In contrast to the first experiment where the RNAs were isolated using the TRIzol and phenol–chloroform extraction method followed by washing and elution on an RNA-binding column, the RNAs were directly extracted using RNeasy Mini Kit (Qiagen) according to the manufacturer's instructions. (All materials cited hereafter are from ThermoFisher Scientific, Wilmington, MA, USA.) Genomic DNA contamination was eliminated by a treatment with TURBO DNA freeTM kit from Ambion. The reverse transcription was performed starting from 500 ng of RNA using a High Capacity cDNA Reverse Transcription kit according to the manufacturer's protocol. The qPCR was achieved with the Taqman Universal master mix II. The cDNA was loaded onto a custom TaqMan low-density array (384 wells plate) as specified in the manufacturer's instructions. The plates were read using 7900 HT Fast Real-Time PCR System. The primers and probes and the efficiencies and specificities are included in the MIQE checklist file in the supplementary material. The three algorithms were applied as for the primary experiment.
Immune cell correlation
In order to validate the findings in a real application, we proceeded to a relative quantification of genes correlated with eosinophils and neutrophils (IL-5 and CXCL8, respectively). This experiment was performed with samples from six healthy controls, six patients with asthma and six COPD patients (characteristics of the patients are described in supplementary table S2). The COPD patients exhibited an intense neutrophilic inflammation and the asthmatic cohort showed high sputum eosinophil and neutrophil percentages.
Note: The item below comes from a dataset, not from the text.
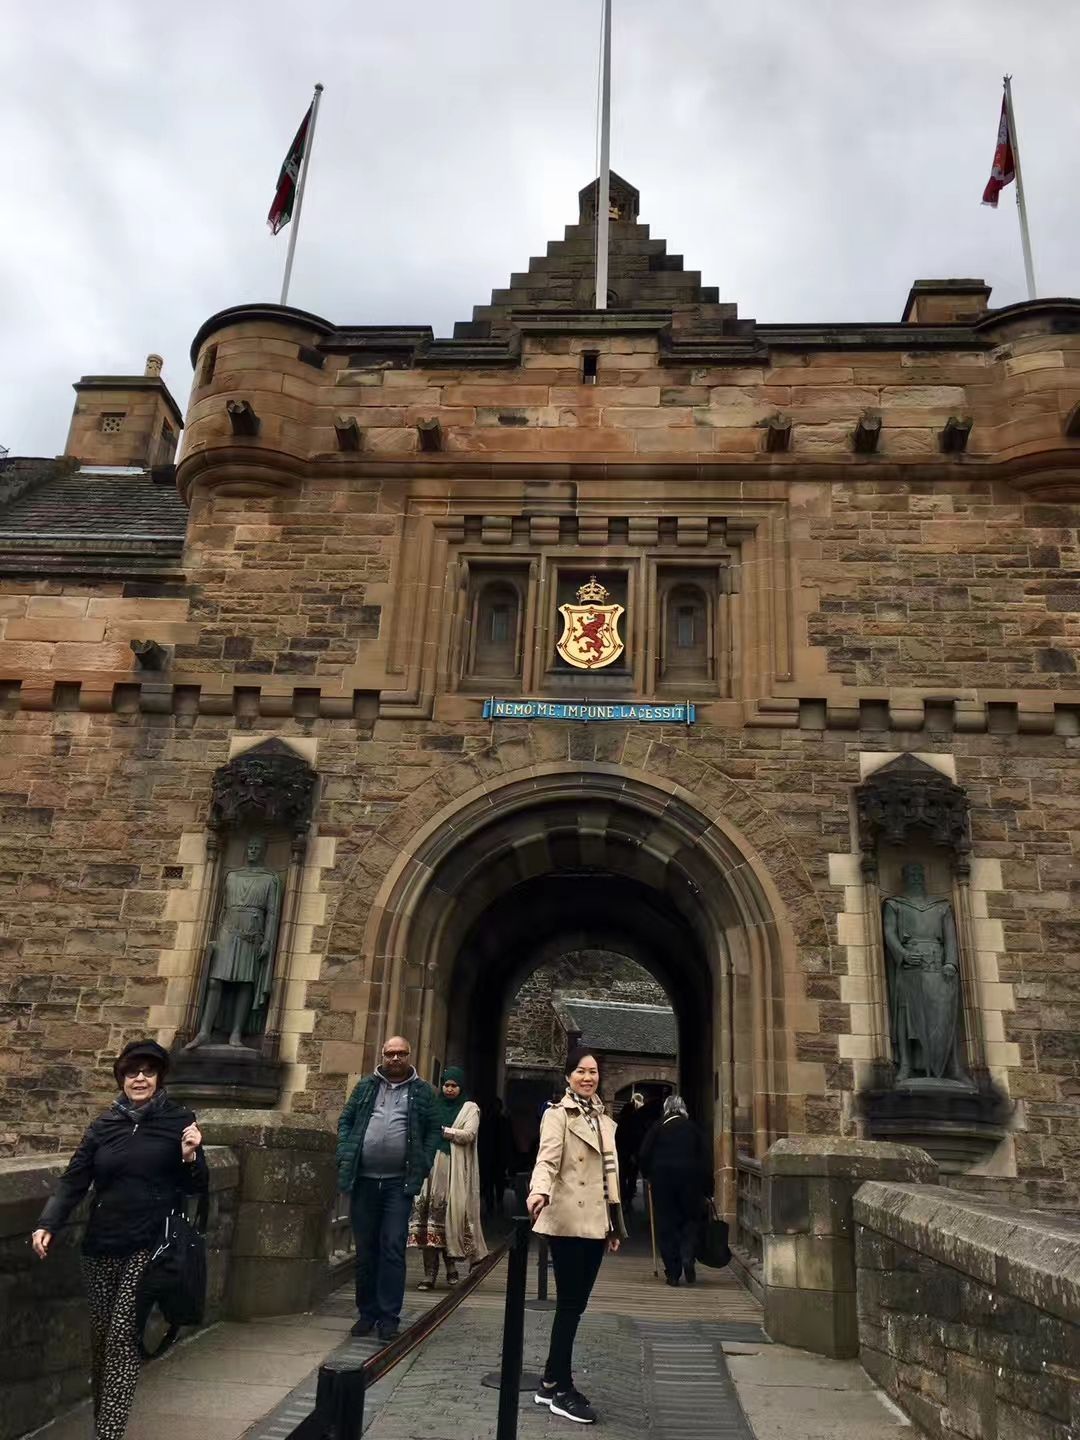 【携程攻略】爱丁堡爱丁堡城堡景点,爱丁堡城堡是爱丁堡甚至是苏格兰的象征, 城堡耸立在爱丁堡市的最高点…

The RNA extraction and RT-qPCR procedures were performed as described for the first cohort. Relative quantification in gene expression compared to healthy controls was determined using qbase+ qPCR analysis software (Biogazelle, Zwijnaarde, Belgium) in accordance with the target specific amplification efficiency values.
Statistics
Three different algorithms were used to assess the stability of the nine reference genes. GeNorm (implementation in qbase+) uses a normalisation strategy which provides a ranking of the candidate genes according to an average stability value (M) of remaining reference genes calculated during stepwise exclusion of the least stable reference gene [28]. NormFinder, available as an Excel add-in, is based on the analysis of overall gene expression variation and the variation between sample subgroups [29]. BestKeeper software, available as an Excel-based tool determines the optimal reference gene with pairwise correlation analysis of all pairs of candidate genes and calculates the geometric mean of the best ones [30].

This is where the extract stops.